> RECORDED INFORMATION
* * *

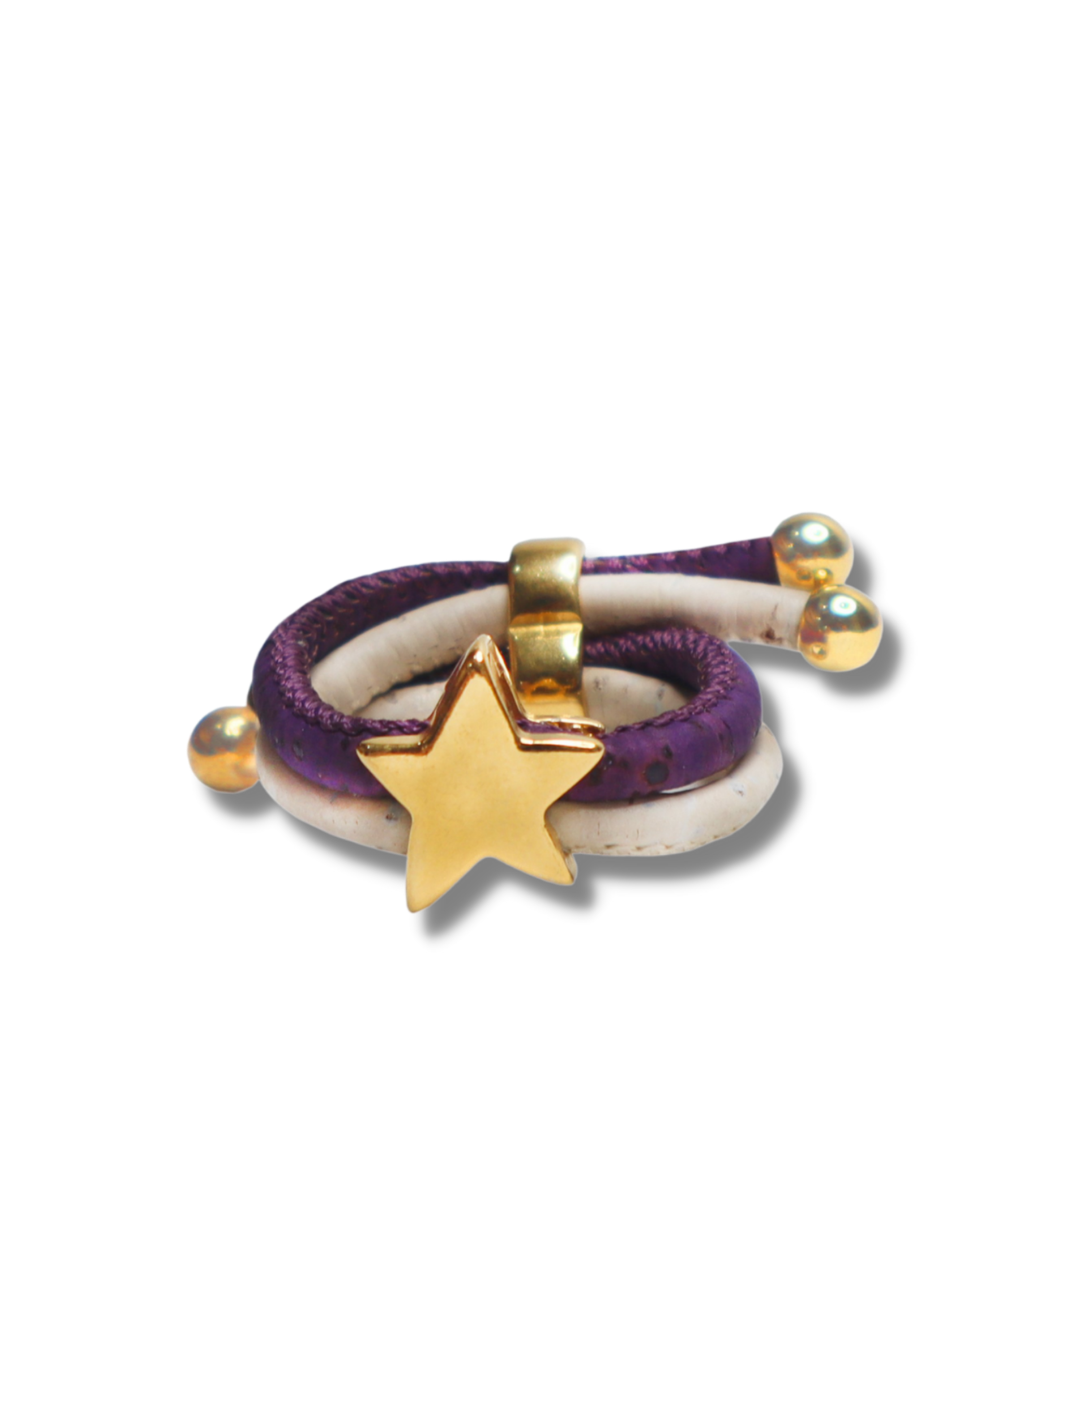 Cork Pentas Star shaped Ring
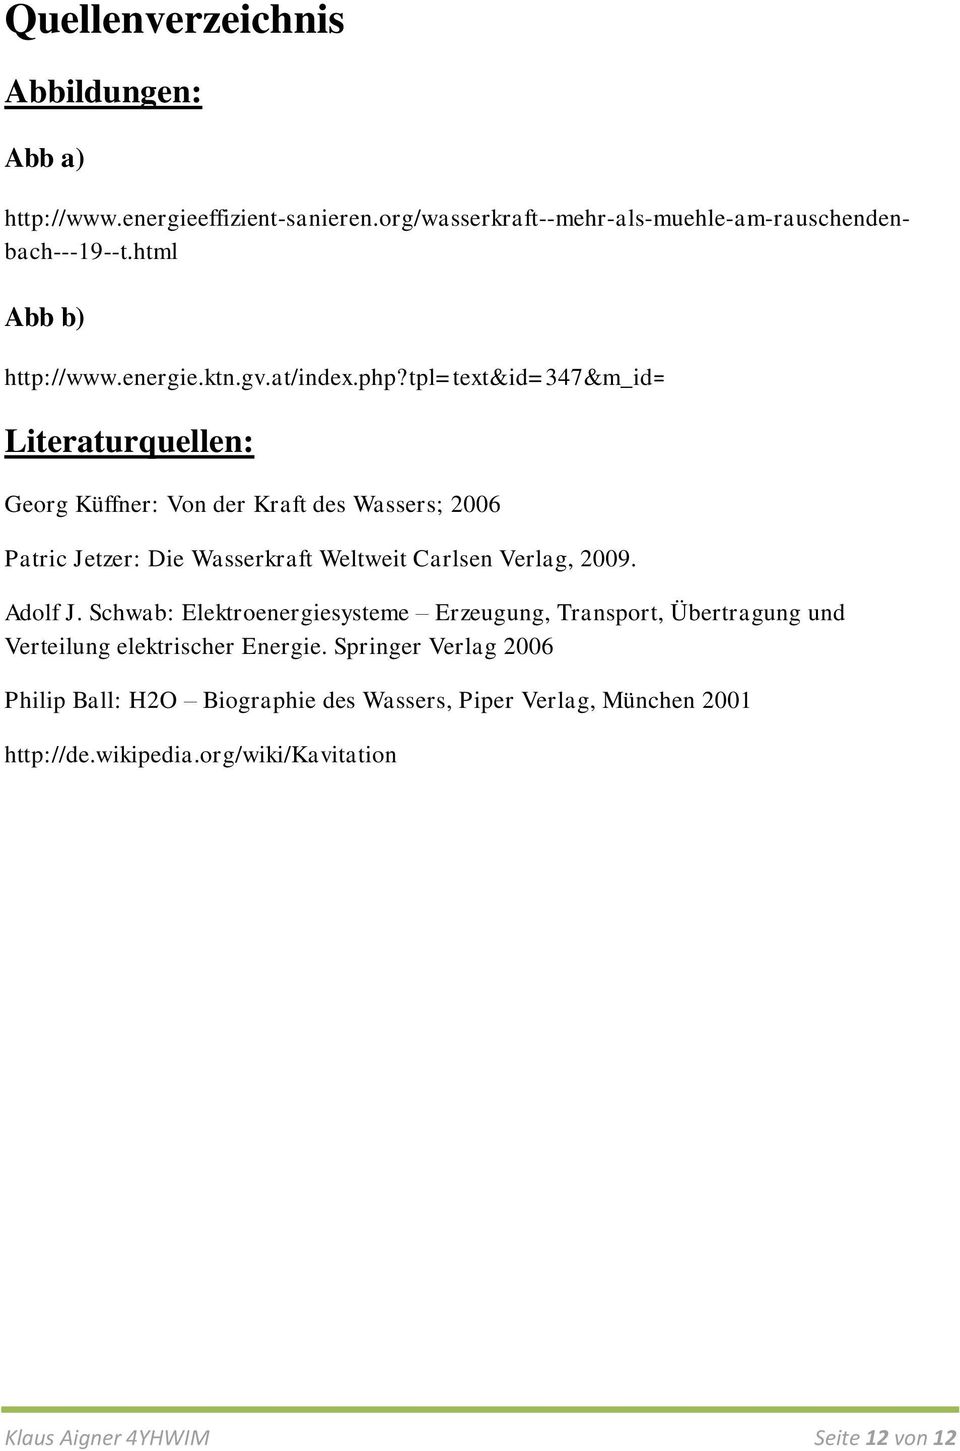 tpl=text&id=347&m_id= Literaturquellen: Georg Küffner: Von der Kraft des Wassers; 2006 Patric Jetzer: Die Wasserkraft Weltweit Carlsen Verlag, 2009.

* * *

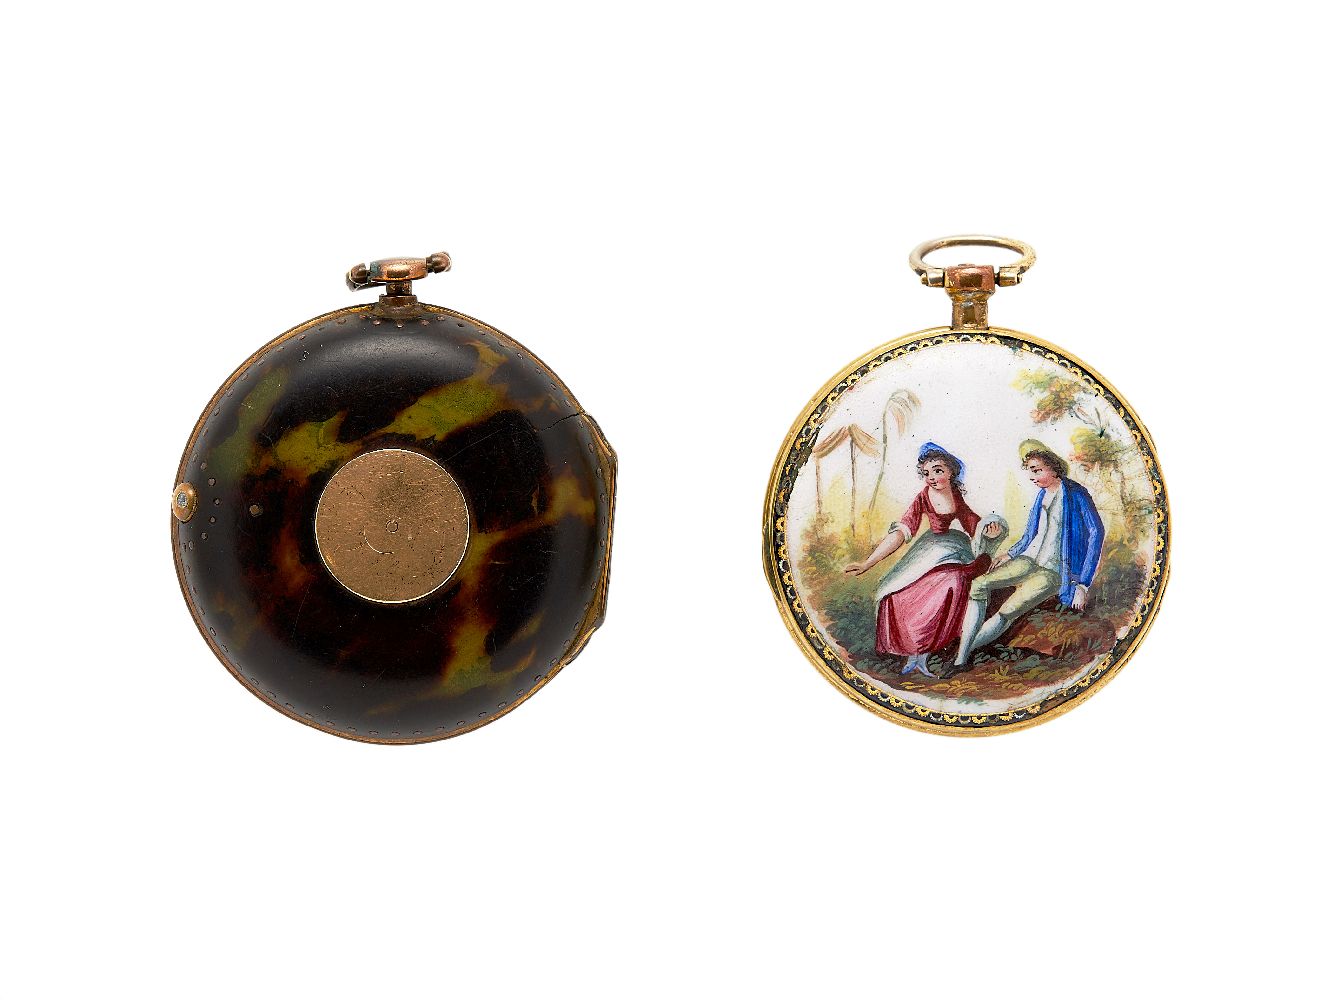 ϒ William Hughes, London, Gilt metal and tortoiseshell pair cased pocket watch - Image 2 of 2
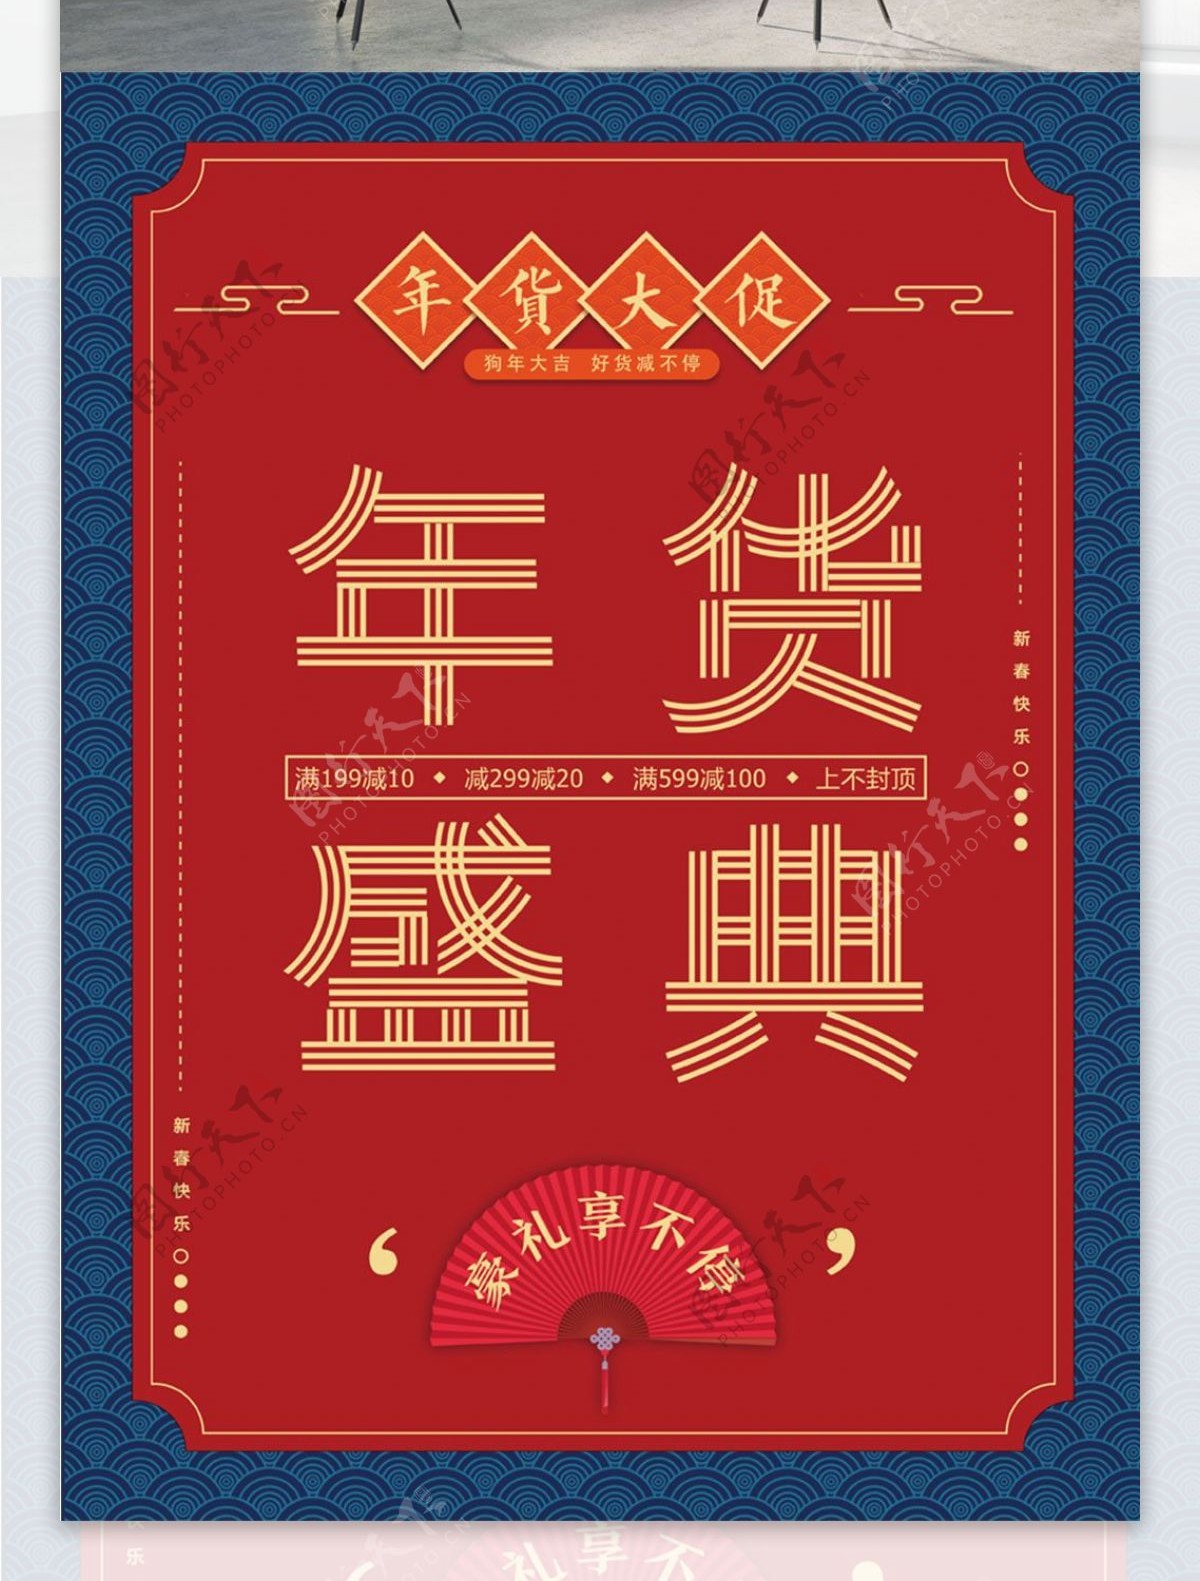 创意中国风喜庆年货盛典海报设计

* * *

> WHAT THIS TASK INVOLVES
Print nothing but the lines above starting with the line that contains "Cork Pentas Star shaped Ring" and going on through the line that contains "tpl=text&id=347&m_id= Literaturquellen: Georg". Leave out the pictures.

> REPLY
 Cork Pentas Star shaped Ring
 tpl=text&id=347&m_id= Literaturquellen: Georg Küffner: Von der Kraft des Wassers; 2006 Patric Jetzer: Die Wasserkraft Weltweit Carlsen Verlag, 2009.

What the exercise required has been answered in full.